ExoAtlet, a Skolkovo resident startup that makes exoskeletons that help disabled people to walk again, has raised $2 million in private investment and state grants in South Korea.

The funding, raised with the help of senior managers at major Korean corporations and high-profile business angels, will be spent on promoting the company in Asia, said Ekaterina Bereziy, the company’s CEO and co-founder.

A screenshot from a promotional video made by ExoAtlet Asia, showing the exoskeleton in action.

ExoAtlet obtained official certification to sell its exoskeletons in Korea back in May, having registered the ExoAtlet Asia company there last October. ExoAtlet Asia comprises a team of 10 people headed by Oh Joo Young, the former director of mobile technology at Korean giant LG Electronics.

ExoAtlet Asia has already attracted about $1.2 million in private investment for its promotion in the region. One of the investors was Kyung Soo Heo, the chairman of Cosmo Group, which is part of GS Group – the seventh biggest business group in South Korea in terms of capitalization, said Bereziy. Its business includes companies working in the chemical industry, new materials and trade and distribution.

“The trade and distribution department of Cosmo Group is involved in the search for and subsequent distribution of goods that have a high chance of conquering the market,” said Bereziy. “For example, in 2003 the company began promoting the Roomba robot vacuum cleaner, which was a real hit on the consumer electronics market.”

Heo was interested in rehabilitation exoskeletons because he saw good sales potential for them in the near future, said Bereziy: the rehabilitation exoskeleton market is expected to grow an average of 70 percent per year through 2020.

“In terms of the development of rehabilitation technology, exoskeletons are the main trend in Asia right now,” said Bereziy. “They’re in demand as rehab equipment in clinics and rehab centres where people can train in them, like at gyms,” she explained.

ExoAtlet, headed by Ekaterina Bereziy (centre), has gone from strength to strength since winning the main prize at the Skolkovo Startup Village in 2014.

The company’s tasks in Korea include the creation of a high-quality manufacturing base to enter the markets in Asia and elsewhere, and the organization of the exoskeleton’s clinical trials on the local market.

Clinical trials are already underway in Korea: eight patients took part in them, and all were successfully able to walk the distance needed in the exoskeleton, and were satisfied with the results, according to Bereziy. The second stage of trials will begin in September.  

In addition to demonstrating ExoAtlet at Korean clinics, Oh Joo Young presented the exoskeleton to the departments responsible for developing innovations in Korea’s regions, and applied for grants along the way.
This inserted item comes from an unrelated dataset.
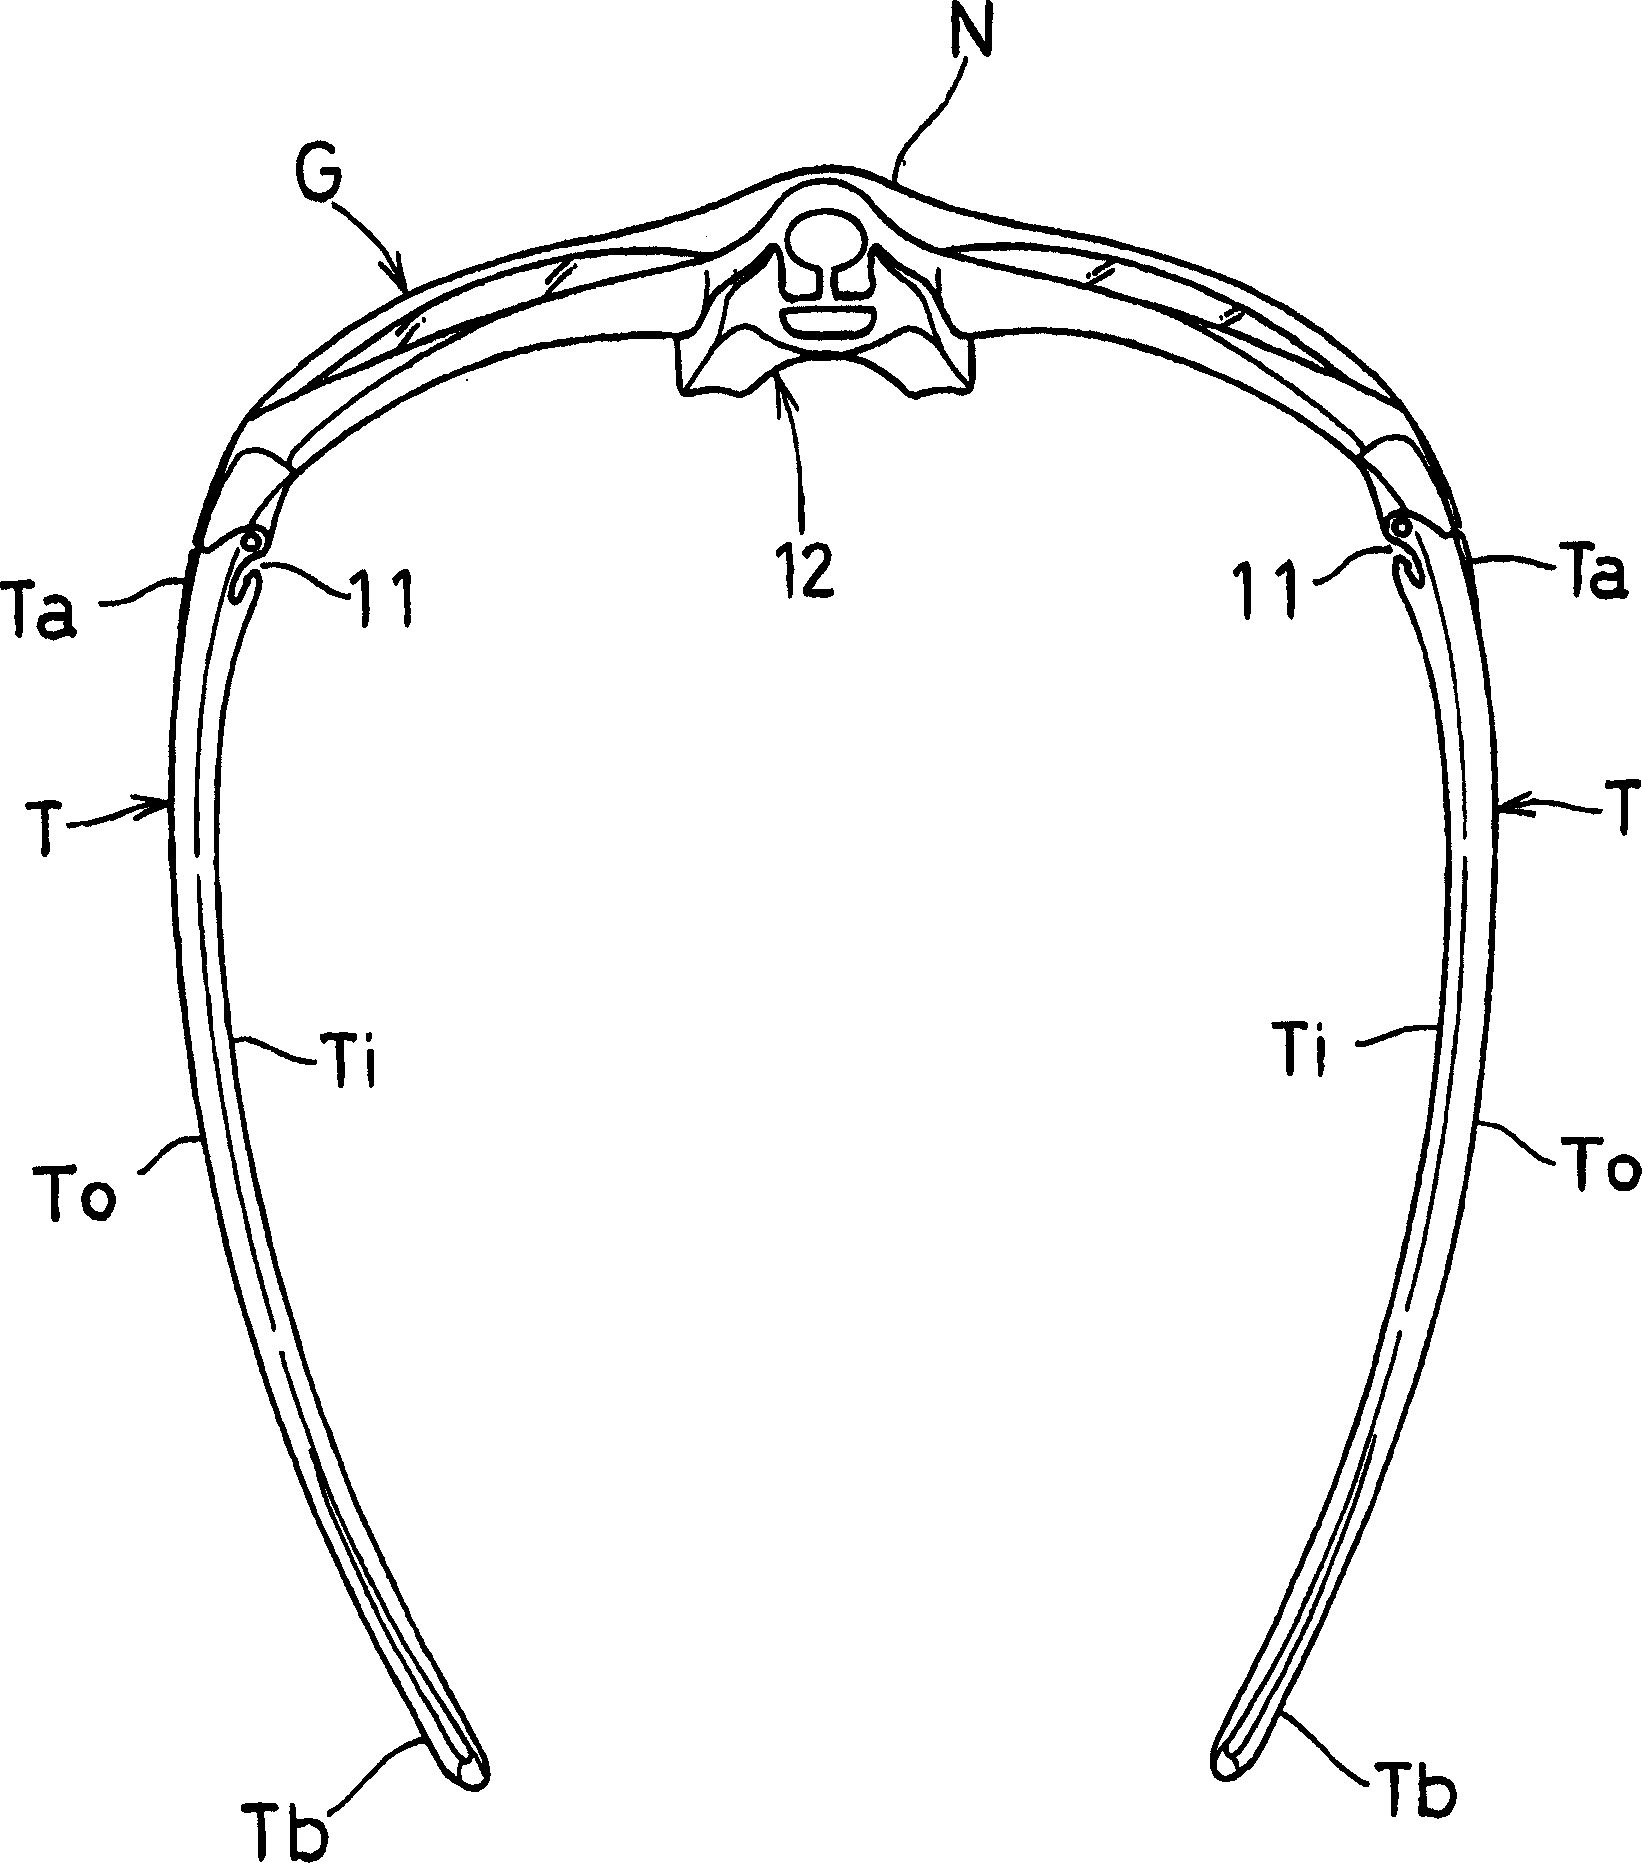 Eyeglass retainer belt and eyeglass possessing same

The company has so far been awarded grants totaling $700,000, said Bereziy.

Exoatlet Asia has also signed an agreement with the province of Gyeonggi under which the province will promote and support ExoAtlet Asia, and its hospitals and rehab centres will be equipped with exoskeletons.

This year, the company plans to produce 10 exoskeletons in Korea, with that figure soaring to 150 next year, and totaling 1,400 during the next five years. The company’s Russian engineers travel to Korea regularly to oversee production and train their colleagues in assembling the exoskeletons.

Korea is the first foreign market where ExoAtlet has launched sales, but it does not plan to stop there.  

“When we were obtaining certification in Korea, we made the product so that it would meet all certification requirements not only in Asia, but on European markets as well,” said Bereziy.

“The next stage will be undergoing certification in China, Japan and Singapore. Our aim is to obtain all the necessary certificates by 2019.”